What is Staphylococcus Aureus?
Staphylococcus aureus is a gram-positive bacterium named for its golden color ("aureus" means golden in Latin) when grown in culture. It's one of the most common human pathogens, remarkable both for how harmlessly it lives on many of us and how deadly it can be when it invades.
About 30% of the population carries S. aureus in their nose (anterior nares), and about 20% carry it persistently.[2] Most carriers never develop disease; the bacterium simply coexists with the human microbiome. But when barriers are broken (through cuts, catheters, or surgery), staph can cause serious infections.
- Classification: Gram-positive coccus in clusters
- Habitat: Skin, nares, GI tract of humans
- Virulence factors: Protein A, coagulase, hemolysins, enterotoxins, TSST-1
- Biofilm formation: Can coat medical devices, making treatment difficult
Clinical Infections
S. aureus causes an extraordinary range of infections, from minor to life-threatening:
Skin and Soft Tissue
Staph is the most common cause of bacterial skin infections:
- Folliculitis: Infection of hair follicles
- Furuncles (boils): Deep follicular infections
- Carbuncles: Clusters of connected boils
- Cellulitis: Spreading skin infection
- Impetigo: Superficial skin infection, common in children
Invasive Infections
When staph enters the bloodstream or deep tissues, it causes severe disease:
- Bacteremia: Bloodstream infection; can seed distant sites
- Endocarditis: Heart valve infection; often requires surgery
- Osteomyelitis: Bone infection
- Septic arthritis: Joint infection
- Pneumonia: Lung infection, often severe
Toxin-Mediated Disease
Some staph strains produce toxins that cause disease even without tissue invasion:
- Food poisoning: Preformed toxin causes rapid vomiting and diarrhea[4]
- Toxic shock syndrome: Superantigen-mediated shock and multi-organ failure
- Scalded skin syndrome: Toxin causes skin to peel in sheets (mostly in infants)
Staph Bacteremia
S. aureus bacteremia (SAB) is a particularly dangerous infection.
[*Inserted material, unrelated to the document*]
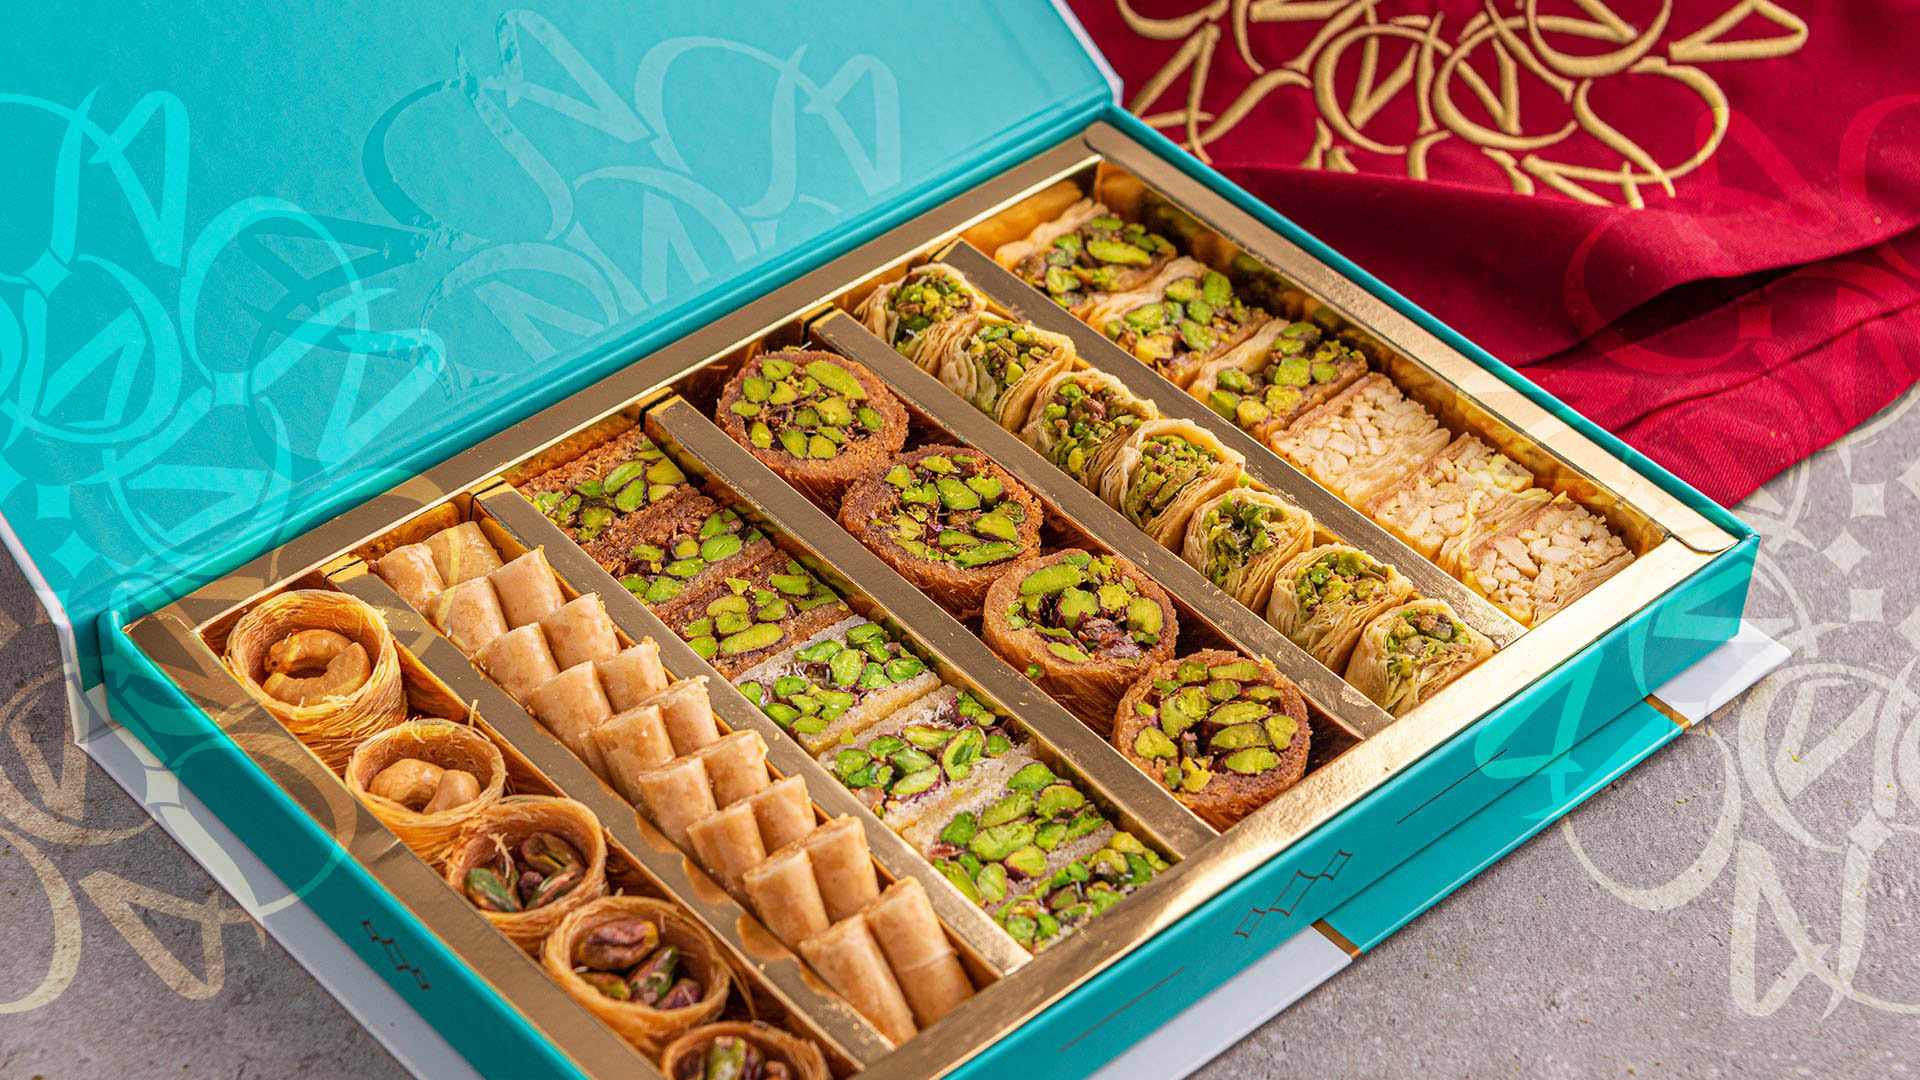 Discover Our Turkish Delights: Experience the Best Turkish Sweets in Sharjah from Our Renowned Sweets Shop​

Unlike many bloodstream infections that clear with antibiotics, staph tends to seed other sites in the body: heart valves, bones, joints, brain. Even with optimal treatment, mortality ranges from 20-30%.[1]
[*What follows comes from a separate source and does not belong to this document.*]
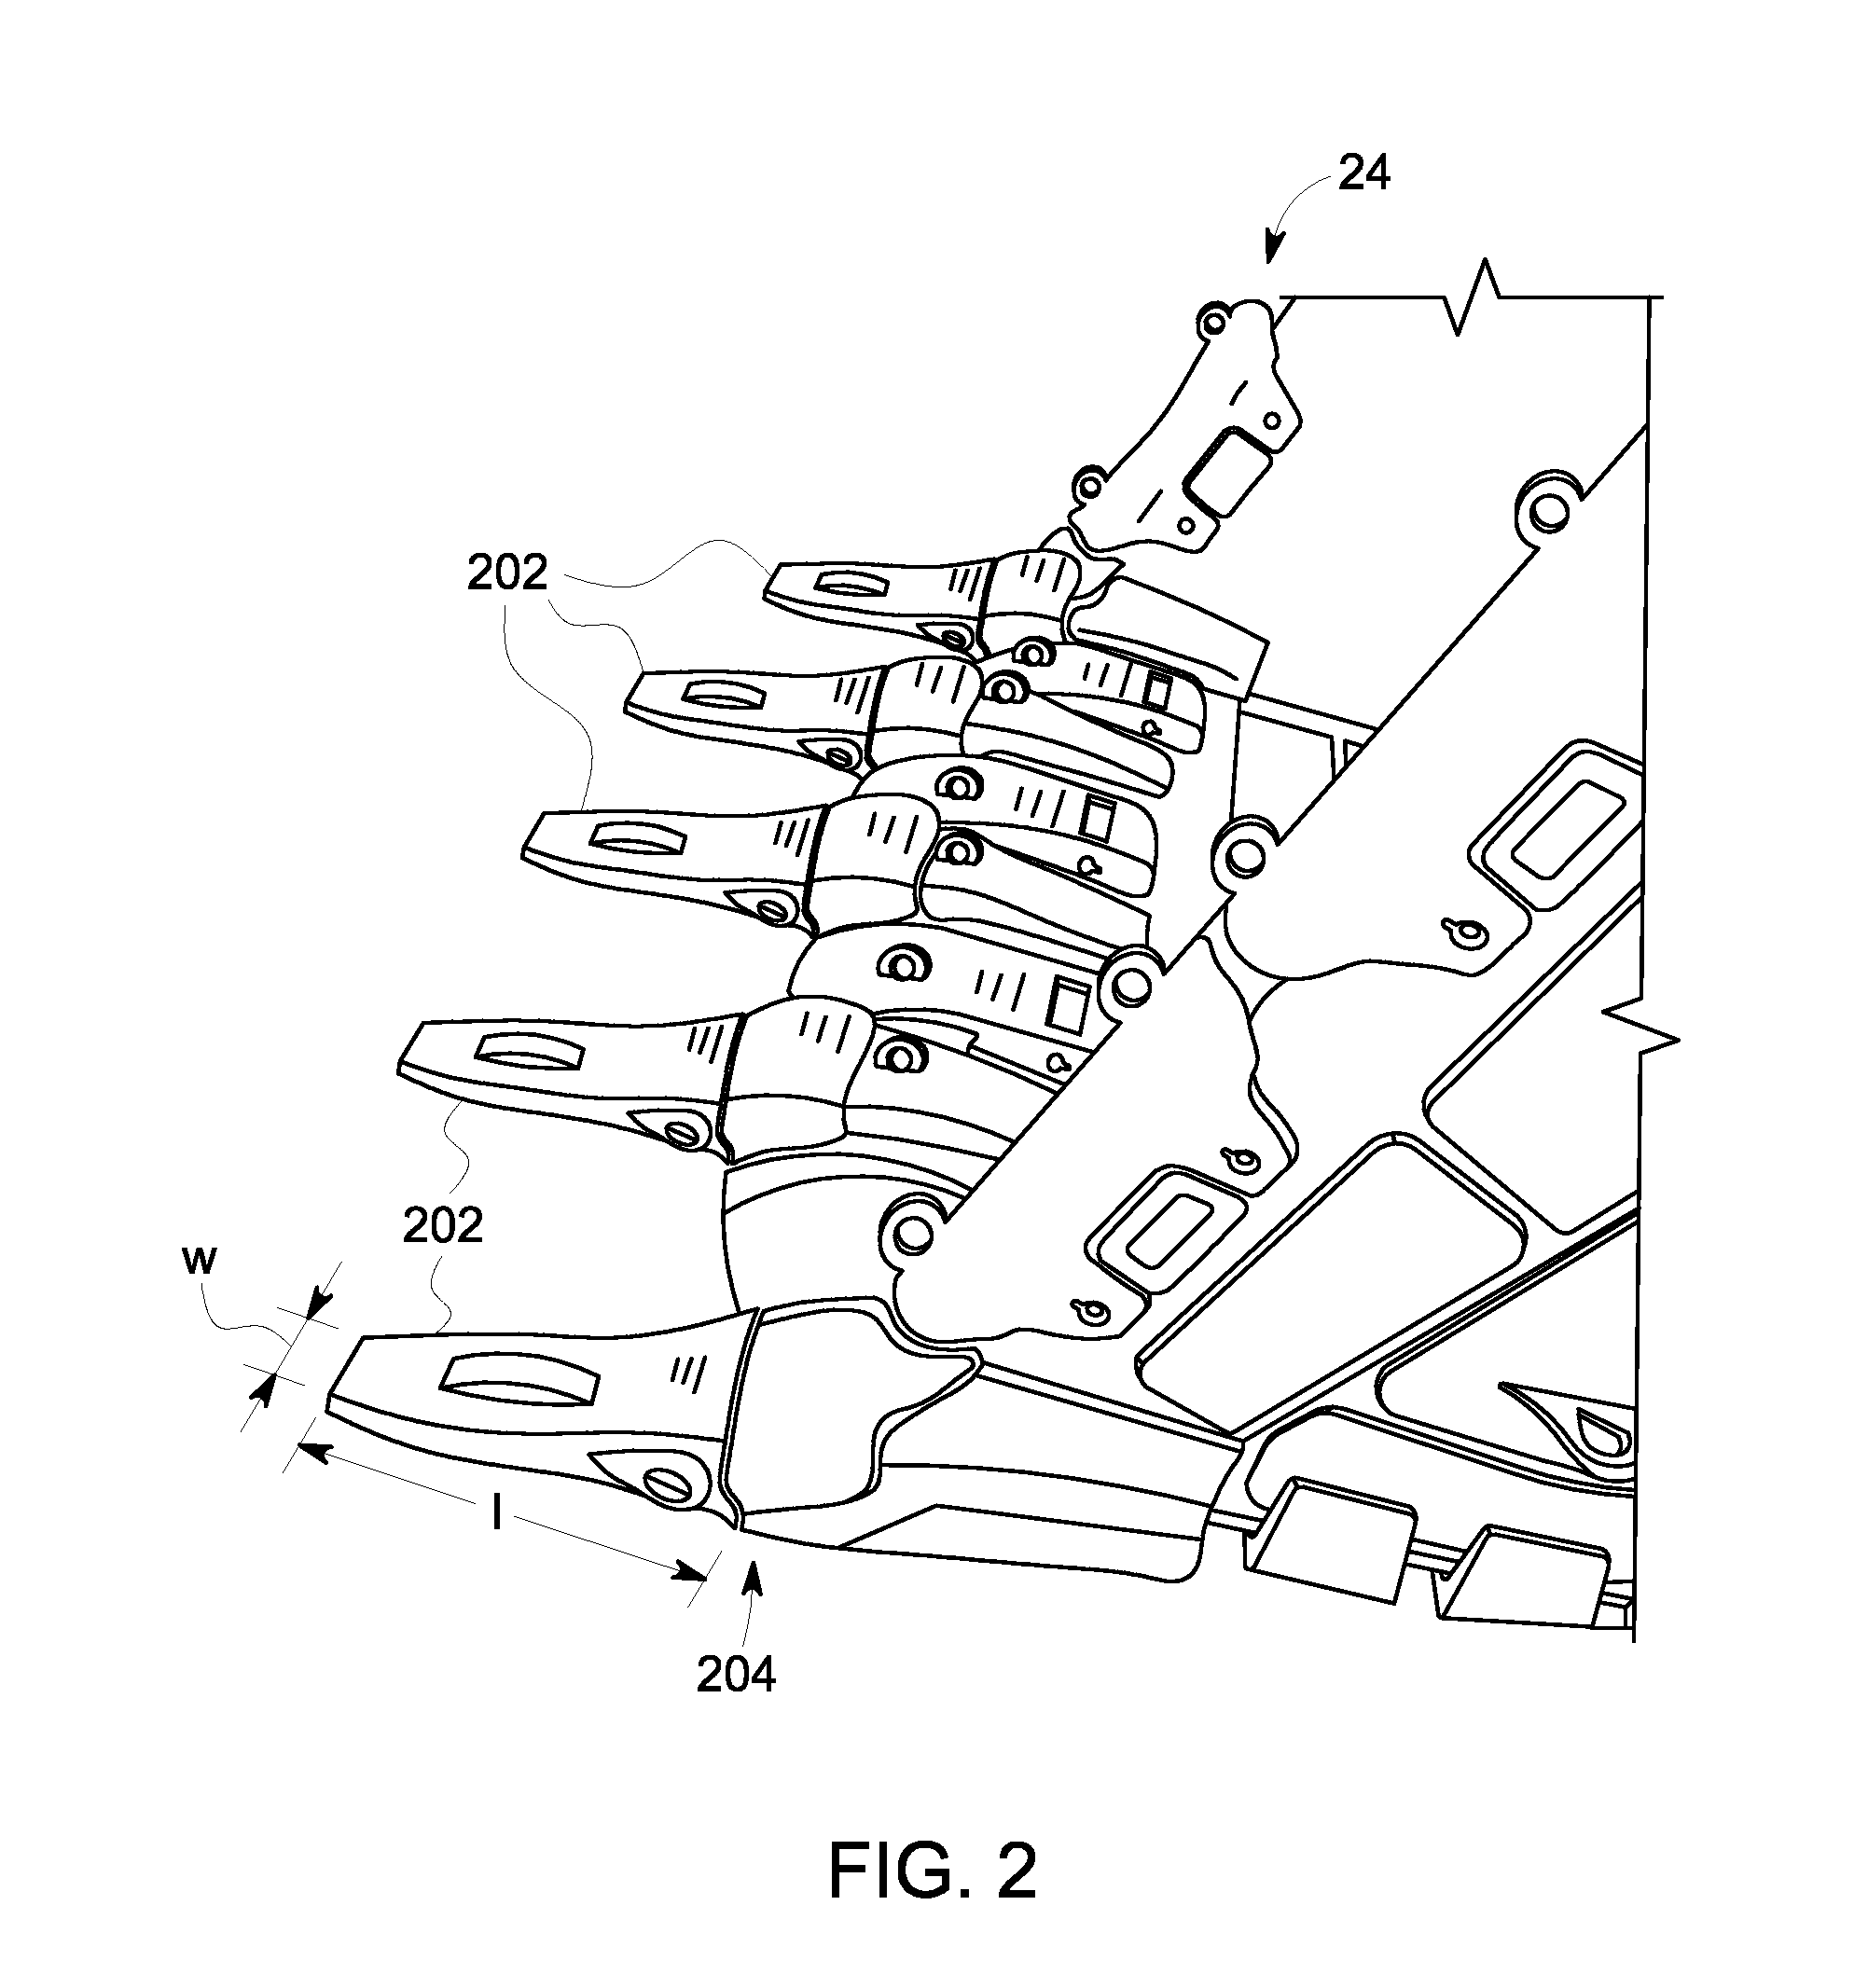 Method and system for detecting a damaged component of a machine

Management of SAB requires:
- Prolonged IV antibiotics (at least 2 weeks, often longer)
- Source control (removing infected catheters, draining abscesses)
- Echocardiogram to rule out endocarditis
- Infectious diseases consultation (shown to improve outcomes)
Treatment
Treatment depends on antibiotic susceptibility:
- MSSA (methicillin-susceptible): Nafcillin, oxacillin, or cefazolin
- MRSA (methicillin-resistant): Vancomycin, daptomycin, or linezolid[3]
Abscess drainage is crucial; antibiotics alone often fail without source control. For minor skin infections in healthy patients, incision and drainage may be sufficient without antibiotics.
Why Is Staph So Successful?
S. aureus has evolved an impressive arsenal of virulence factors:
- Protein A: Binds antibodies the "wrong way," preventing immune recognition
- Coagulase: Triggers clotting, creating protective fibrin barrier
- Biofilm formation: Creates communities resistant to antibiotics and immunity
- Immune evasion: Multiple mechanisms to hide from neutrophils and complement
- Persistence: Can survive inside host cells, causing relapsing infections
"Staph aureus is a master of survival. It can live peacefully on your skin, or invade and cause life-threatening infection. Understanding what tips the balance is key to prevention."
Prevention
Preventing staph infections focuses on:
- Hand hygiene: The single most important intervention
- Wound care: Cleaning and covering cuts
- Not sharing: Personal items like towels and razors
- Decolonization: Nasal mupirocin and chlorhexidine baths for carriers undergoing surgery
- Device management: Proper care of catheters and other invasive devices
Despite decades of research, there is no approved vaccine against S. aureus.[5] Multiple candidates have failed in clinical trials; the bacterium's sophisticated immune evasion mechanisms have proven formidable obstacles.
Sources
- Tong, S. Y., et al. (2015). Staphylococcus aureus infections: epidemiology, pathophysiology, clinical manifestations, and management. Clinical Microbiology Reviews, 28(3), 603-661.
- Wertheim, H. F., et al. (2005). The role of nasal carriage in Staphylococcus aureus infections. Lancet Infectious Diseases, 5(12), 751-762.
- Liu, C., et al. (2011). Clinical practice guidelines by IDSA for the treatment of MRSA infections. Clinical Infectious Diseases, 52(3), e18-e55.
- CDC. (2023). Staphylococcal (Staph) Food Poisoning. cdc.gov
- Lowy, F. D. (1998). Staphylococcus aureus infections. NEJM, 339(8), 520-532.